= Shi Jinsong =

Chinese sculptor (born 1969)

Shi Jinsong (born 1969, Dangyang County Hubei Province, China) is a Chinese artist based in Wuhan and Beijing. He studied at Hubei Institute of Fine Arts in China where he majored in sculpture and mastered an array of traditional styles and techniques. He graduated in 1994.

He is particularly known for his first solo exhibition in the United States at Chambers Fine Art in New York Na Zha Baby Boutique exhibition, a series of stainless steel sculptures depicting baby accessories—rattle, cot, stroller, etc.—made from razor-sharp blades (Na Zha is a child warrior deity in Chinese mythology). He is violent and sly and flamboyantly dressed in flaming trousers with fireball feet. Today, he is associated with lottery, gambling, and the high life and is the star of a cartoon TV show. Shi Jinsong humorously depicts Na Zha in his exhibition as the “new face of Mothercare.” Shi describes Na Zha as “a supernatural youthful hero who always recovers and refuses to grow up. He has three heads, nine eyes and eight arms, with blue clouds coming from his mouth, flamed wheels under his feet, and all kinds of powerful weapons in his hands. He needs only to shout for clouds to turn into rain. He cuts his own flesh and commits suicide to save his father, fights the dragon king, and overturns the universe.” This is the Na Zha portrayed in Shi's artwork. Chambers Fine Art described this work as a "dialogue, at once menacing and ironic, between the forms of mythic Chinese culture and modern day globalization". He returned to this theme for his Secret Book of Cool Weapons, which portrayed corporate logos such as the Nike Swoosh as martial arts weapons.

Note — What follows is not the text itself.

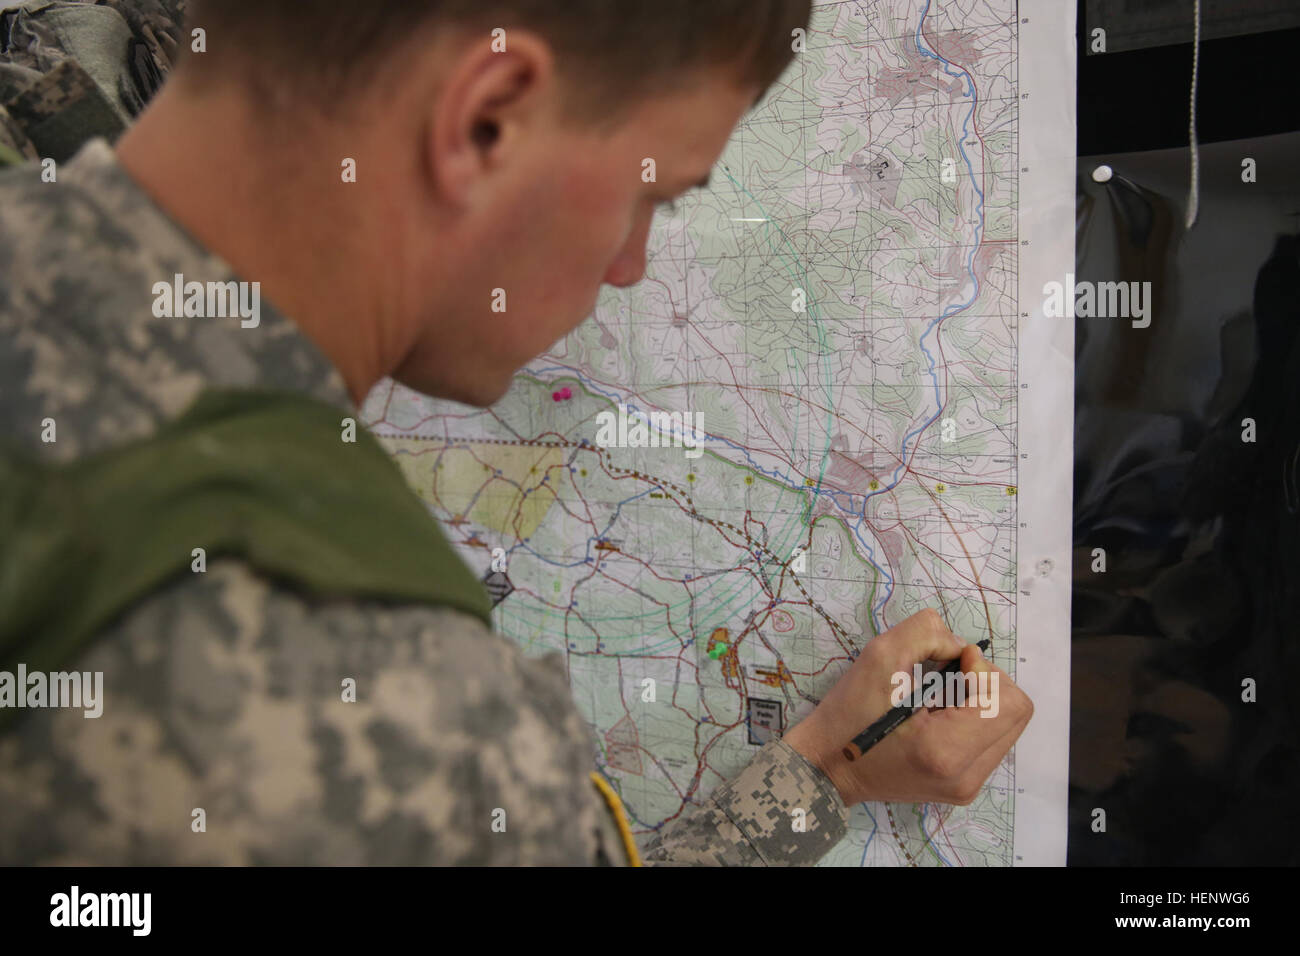 A U.S. Soldier assigned to Alpha Troop, 1st Squadron (Airborne), 40th Cavalry Regiment plots points on a map while conducting tactical operations center (TOC) operations during Rotation 14-09 at the Joint Multinational Readiness Center (JMRC) in Hohenfels, Germany, Oct. 07, 2014. The rotation is based on the current operational environment and is designed to prepare the unit for peace support, stability, and contingency operations. (U.S. Army photo by Spc. Brian Chaney/Released) Rotation 14-09 141007-A-EM978-001 Stock Photo

Shi has shown work internationally in many exhibitions including Shanghai Cool: Creative Reproduction at the Shanghai Duolun Museum of Modern Art, Mahjong at Kunstmuseum Bern in Switzerland, Alors, La Chine? at the Pompidou Center in Paris, and Too Much Flavour at Chambers Fine Art in New York.

==Artistic style==
Shi's main material is large amounts of stainless steel. This gives his artwork a gleaming, polished, and cold look with razor sharp edges. Shi is known for his childcare products and weaponry. In 2002, his exhibition Secret Book of Cool Weapons transformed common corporate logos into an array of ancient weaponry. Despite his heavy portrayal of machines in his work, Shi is not interested in modern-day machinery. Many details and additions seen on his pieces do not even offer any practical use. Shi adds his own experience and direction to his artwork, giving it a sense of rebellion and contradiction to humanity and morals. This sets his work apart from the typical art of contemporary China. Shi moved out of the explorative stage of form and language, saying that “language is of suspicious nature, especially that with characteristics such as the attractive logo of brands as seen in the commercial market.” The mechanical form depicted in Shi's artwork is a metaphor for real life experience. While Shi's work is not intended to give off a message, he observes social norms and customs with a neutral perspective and then creates a twisted analysis of it. Shi has a very broad mentality, believing that every thing has many surfaces and directions from which to view it. This includes his artistic materials such as steel and charcoal. Shi enjoys exploring different kinds of physical forces, including artificial, natural, and unnamed.

==Influences==
Three major events had an influence on Shi's life: the radical socio-cultural transformation in China, Foucault’s madness and civilization, and the birth of his first daughter. All of these caused the artist to investigate ideas of transformation and control. Much of Shi’s work is a combination of mythic Chinese culture and modern day globalization.

==Recent works==
Shi's solo exhibition, Penetrate (2011), was shown at Today Art Museum, Beijing. Penetrate was a large scale sculptural installation curated by art critic Karen Smith. Shi used charcoal, wood, metal, and other materials in his pieces. The giant scale and number of pieces shown in the exhibition as well as the amount of discard involved in the process of replacing new with old and the impact on the environment was all supposed to portray the excesses of modern China. The exhibition was literally a physical mass. Shi collected discarded materials and made them into his own artwork. For example, he took wooden beams from traditional architectural structures and bound them together with old tree trunks, pipes, tubes, and steel joists. The message of this piece was to be more aware of the harm we cause on a daily basis when we recklessly pursue our interests and desires without taking our impact on the environment into consideration.

==Earlier works==
Shi has been known to break away from his typical steel structures. In 2003, he presented an installation at the Centre Pompidou called A Life of Sugar. The installation was made out of caramel and sugar and designed to melt over the course of the show. The idea of the exhibition was to critique disposable consumer goods.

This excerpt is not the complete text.